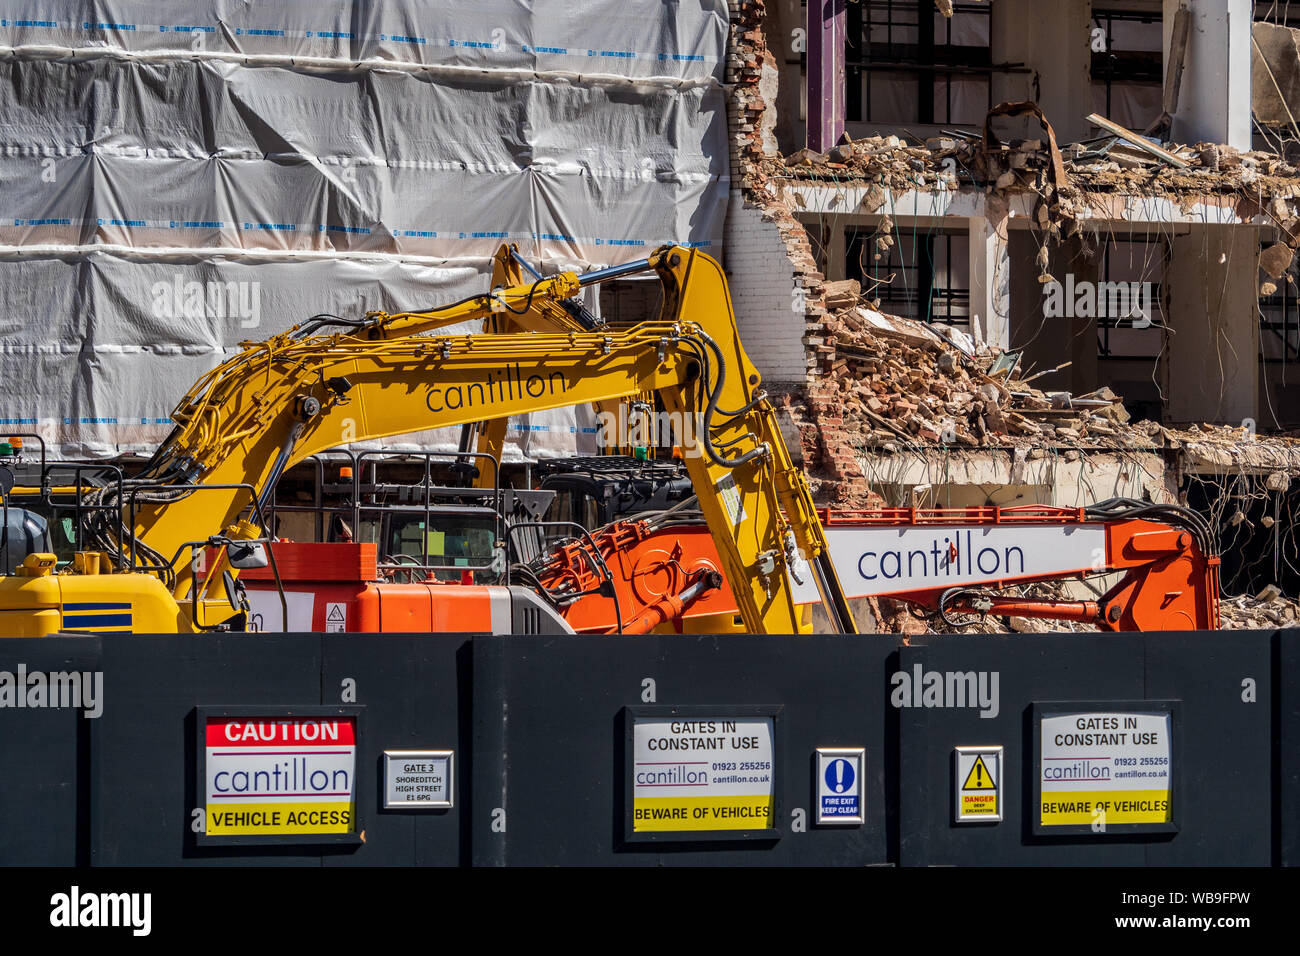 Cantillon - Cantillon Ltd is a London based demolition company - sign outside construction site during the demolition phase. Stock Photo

==

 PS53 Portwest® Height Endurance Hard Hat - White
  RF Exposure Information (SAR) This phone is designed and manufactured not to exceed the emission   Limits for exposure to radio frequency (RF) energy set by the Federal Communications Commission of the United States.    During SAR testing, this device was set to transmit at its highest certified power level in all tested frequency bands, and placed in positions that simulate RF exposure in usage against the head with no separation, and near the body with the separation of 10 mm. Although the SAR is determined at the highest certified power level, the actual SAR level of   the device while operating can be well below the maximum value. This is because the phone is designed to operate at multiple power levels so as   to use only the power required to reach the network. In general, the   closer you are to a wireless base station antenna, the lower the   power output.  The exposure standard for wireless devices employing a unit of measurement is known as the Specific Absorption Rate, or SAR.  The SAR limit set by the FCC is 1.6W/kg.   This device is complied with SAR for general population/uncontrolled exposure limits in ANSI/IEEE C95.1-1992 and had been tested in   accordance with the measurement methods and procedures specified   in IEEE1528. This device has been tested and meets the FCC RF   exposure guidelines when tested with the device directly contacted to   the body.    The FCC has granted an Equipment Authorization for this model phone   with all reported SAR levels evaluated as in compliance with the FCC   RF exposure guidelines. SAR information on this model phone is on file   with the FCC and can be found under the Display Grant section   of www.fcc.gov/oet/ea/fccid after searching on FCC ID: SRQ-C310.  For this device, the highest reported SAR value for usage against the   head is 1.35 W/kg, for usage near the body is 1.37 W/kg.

ASSIGNED TASK >> Please reproduce the lines from the line with "PS53 Portwest® Height" to the line with "RF Exposure Information", both ends included, exactly as they appear above.

EXPECTED OUTPUT >>
 PS53 Portwest® Height Endurance Hard Hat - White
  RF Exposure Information (SAR) This phone is designed and manufactured not to exceed the emission   Limits for exposure to radio frequency (RF) energy set by the Federal Communications Commission of the United States.    During SAR testing, this device was set to transmit at its highest certified power level in all tested frequency bands, and placed in positions that simulate RF exposure in usage against the head with no separation, and near the body with the separation of 10 mm. Although the SAR is determined at the highest certified power level, the actual SAR level of   the device while operating can be well below the maximum value. This is because the phone is designed to operate at multiple power levels so as   to use only the power required to reach the network. In general, the   closer you are to a wireless base station antenna, the lower the   power output.  The exposure standard for wireless devices employing a unit of measurement is known as the Specific Absorption Rate, or SAR.  The SAR limit set by the FCC is 1.6W/kg.   This device is complied with SAR for general population/uncontrolled exposure limits in ANSI/IEEE C95.1-1992 and had been tested in   accordance with the measurement methods and procedures specified   in IEEE1528. This device has been tested and meets the FCC RF   exposure guidelines when tested with the device directly contacted to   the body.    The FCC has granted an Equipment Authorization for this model phone   with all reported SAR levels evaluated as in compliance with the FCC   RF exposure guidelines. SAR information on this model phone is on file   with the FCC and can be found under the Display Grant section   of www.fcc.gov/oet/ea/fccid after searching on FCC ID: SRQ-C310.  For this device, the highest reported SAR value for usage against the   head is 1.35 W/kg, for usage near the body is 1.37 W/kg.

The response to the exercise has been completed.